**Task**
Repeat the data word for word and skip the pictures.

**Information shown**
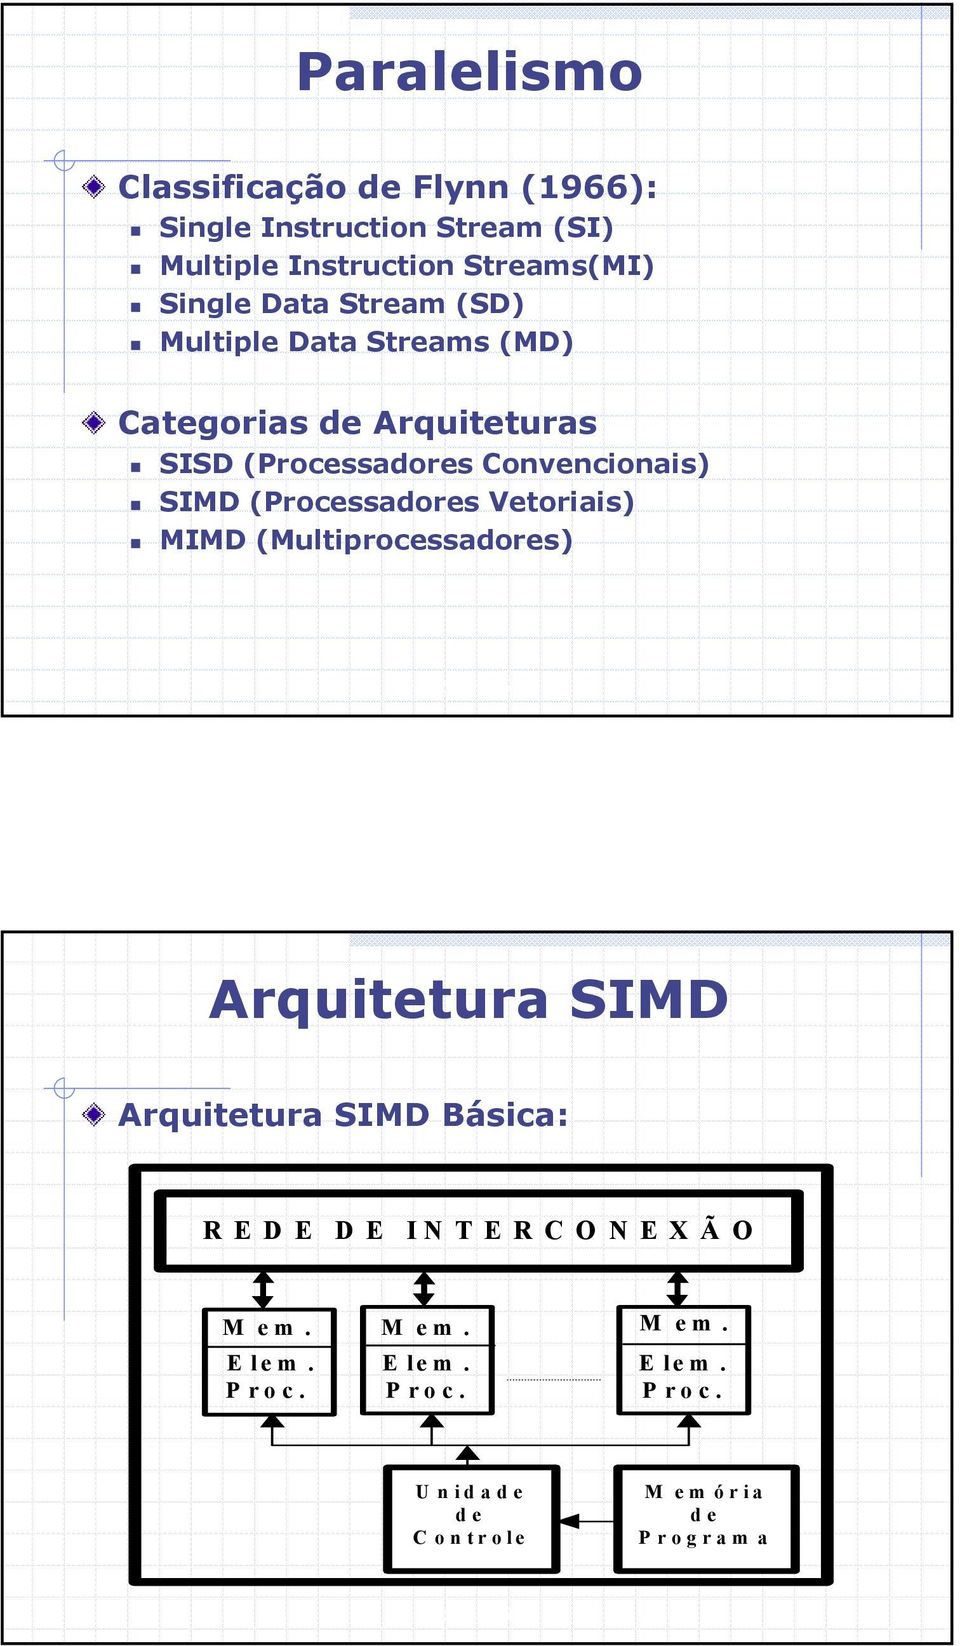 Convencionais) SIMD (Processadores Vetoriais) MIMD (Multiprocessadores) Arquitetura SIMD Arquitetura SIMD
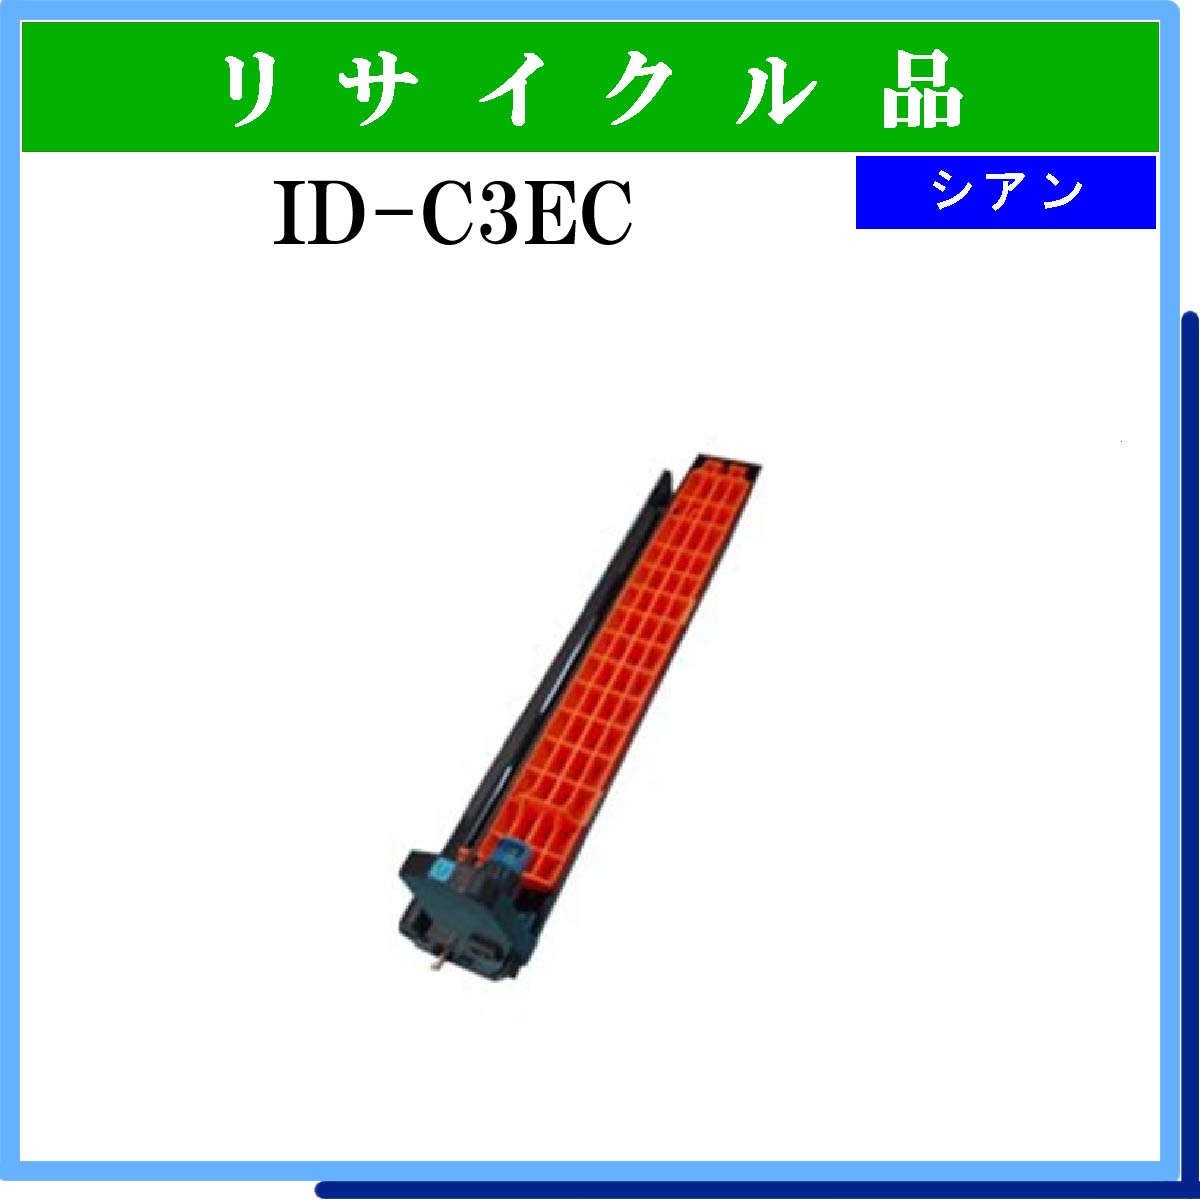 ID-C3EC
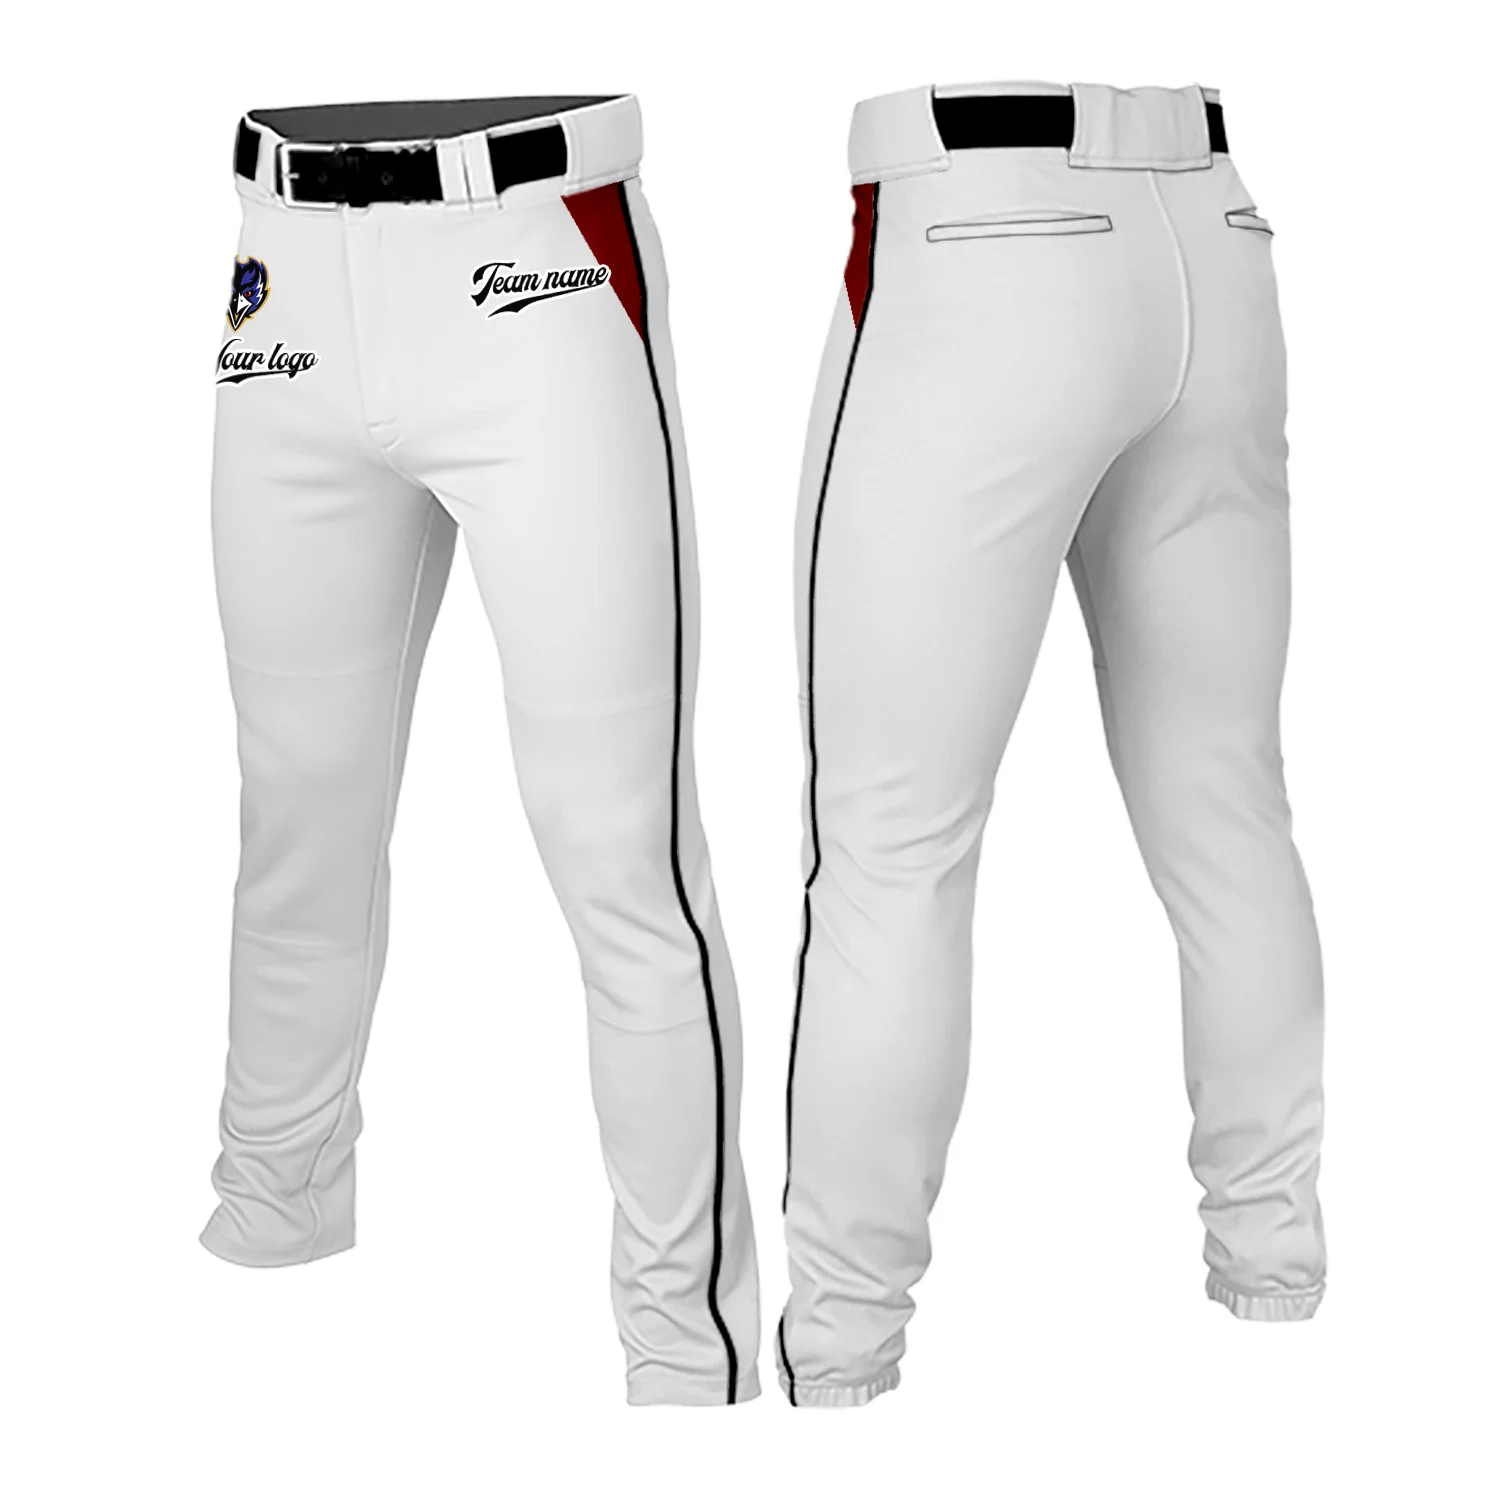 Spodnie do baseballa dla mężczyzn młodzieżowych w jednolitym kolorze spodnie treningowe spodnie z kieszeniami wędrówek do biegania
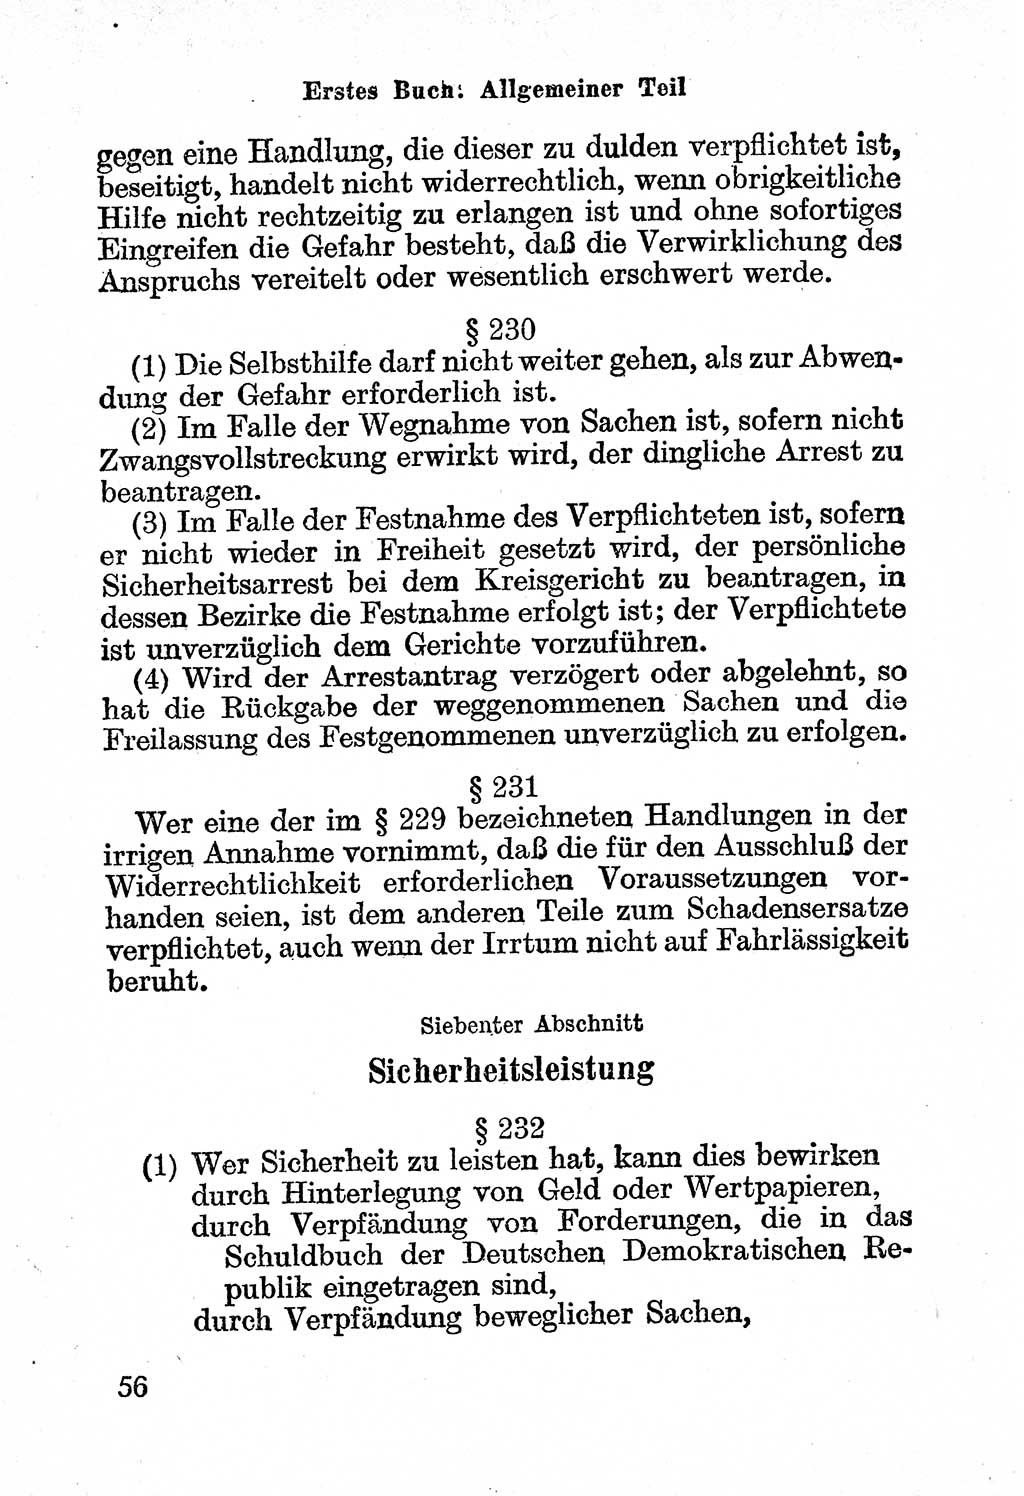 Bürgerliches Gesetzbuch (BGB) nebst wichtigen Nebengesetzen [Deutsche Demokratische Republik (DDR)] 1956, Seite 56 (BGB Nebenges. DDR 1956, S. 56)

**Answer box**
 Convencionais) SIMD (Processadores Vetoriais) MIMD (Multiprocessadores) Arquitetura SIMD Arquitetura SIMD
 ID-C3EC
 Spodnie do baseballa dla mężczyzn młodzieżowych w jednolitym kolorze spodnie treningowe spodnie z kieszeniami wędrówek do biegania
 Bürgerliches Gesetzbuch (BGB) nebst wichtigen Nebengesetzen [Deutsche Demokratische Republik (DDR)] 1956, Seite 56 (BGB Nebenges. DDR 1956, S. 56)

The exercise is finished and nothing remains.